Display

Test: Chromecast, Google raddoppia

Redazione | 14 Gennaio 2016

SmartTV

Le periferiche di streaming targate Google si sdoppiano: trasmettere non solo alla Tv ma anche agli altoparlanti. Chromecast, la soluzione […]

Le periferiche di streaming targate Google si sdoppiano: trasmettere non solo alla Tv ma anche agli altoparlanti.
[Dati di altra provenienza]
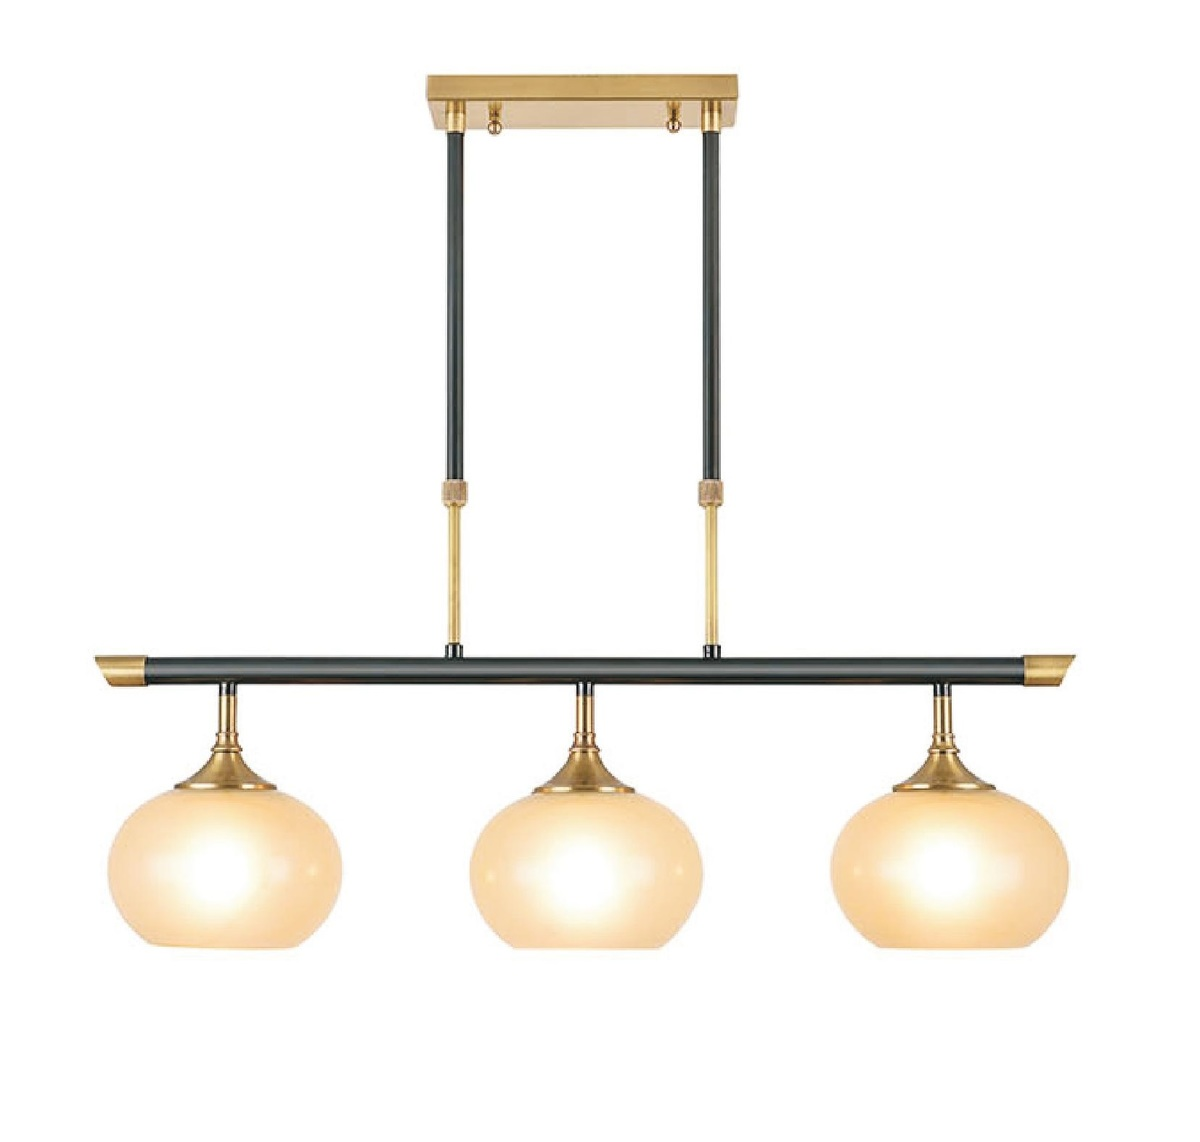 Torfaen-3 Pendant Lamp
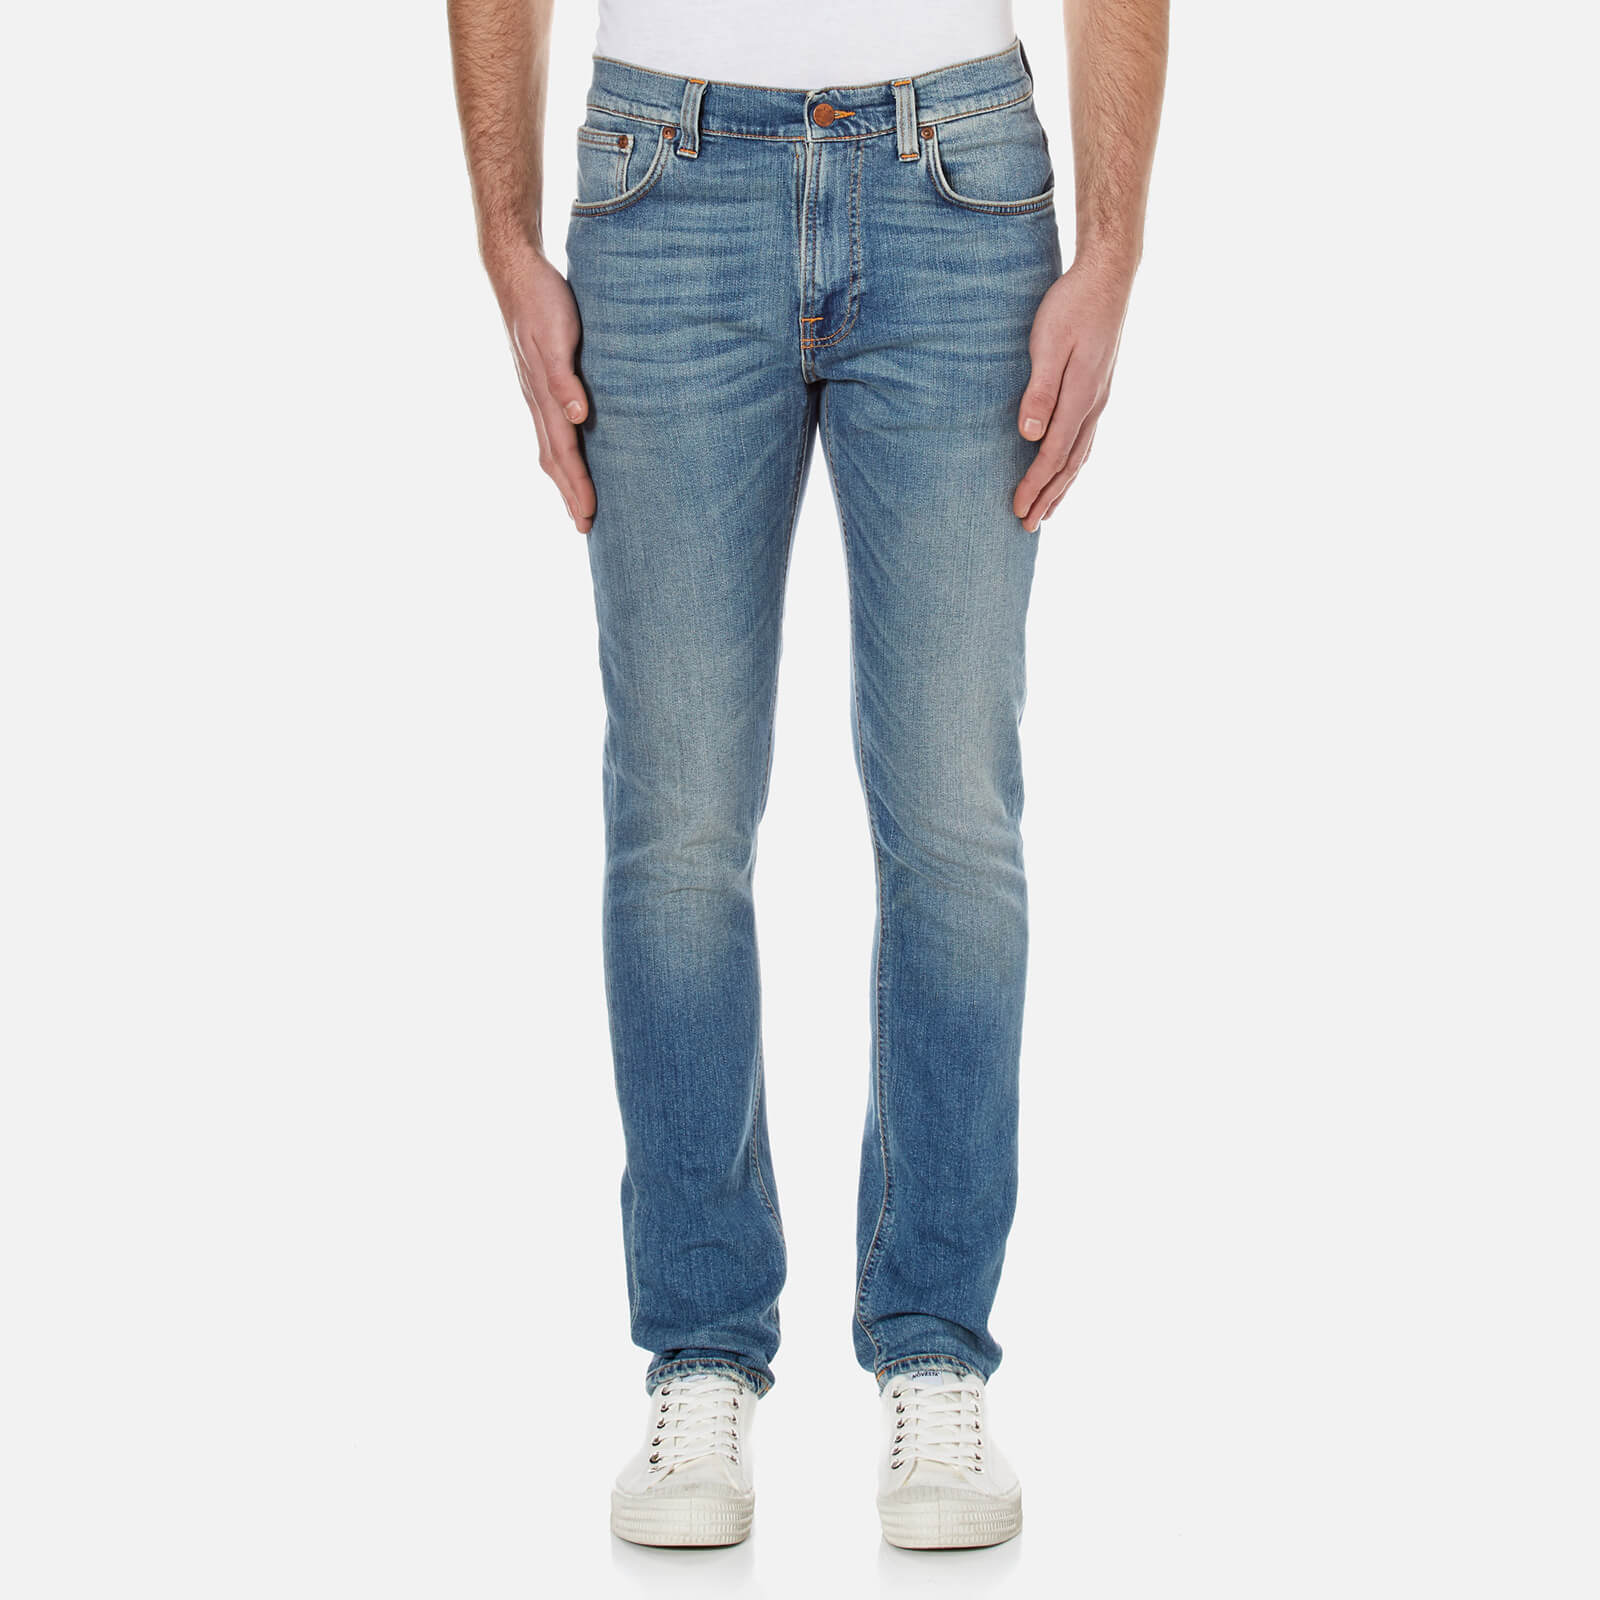 b065f1764085 Nudie Jeans Men s Long John Skinny Jeans - Black Blizzard - Free UK  Delivery over £50

Chromecast, la soluzione (e rivoluzione) targata Google arriva alla seconda generazione. A poco più di due anni di distanza dal primo modello (annunciato sul mercato americano a luglio 2013, ma arrivato nel nostro paese solo nel marzo 2014) Google raddoppia, presentando una seconda generazione profondamente rivisitata e un secondo dispositivo completamente nuovo.

Se il primo modello era progettato per portare in streaming sul televisore una serie di contenuti normalmente fruiti tramite smartphone o tablet, proponendo a un costo abbordabile a tutti la possibilità  di trasformare il proprio televisore in una vera e propria Smart Tv, la seconda generazione Chromecast si pone obiettivi ancora più ambiziosi. Due i modelli proposti, caratterizzati da un fattore di forma inusuale e di sicuro impatto e da funzionalità  molto diverse: Chromecast e Chromecast Audio.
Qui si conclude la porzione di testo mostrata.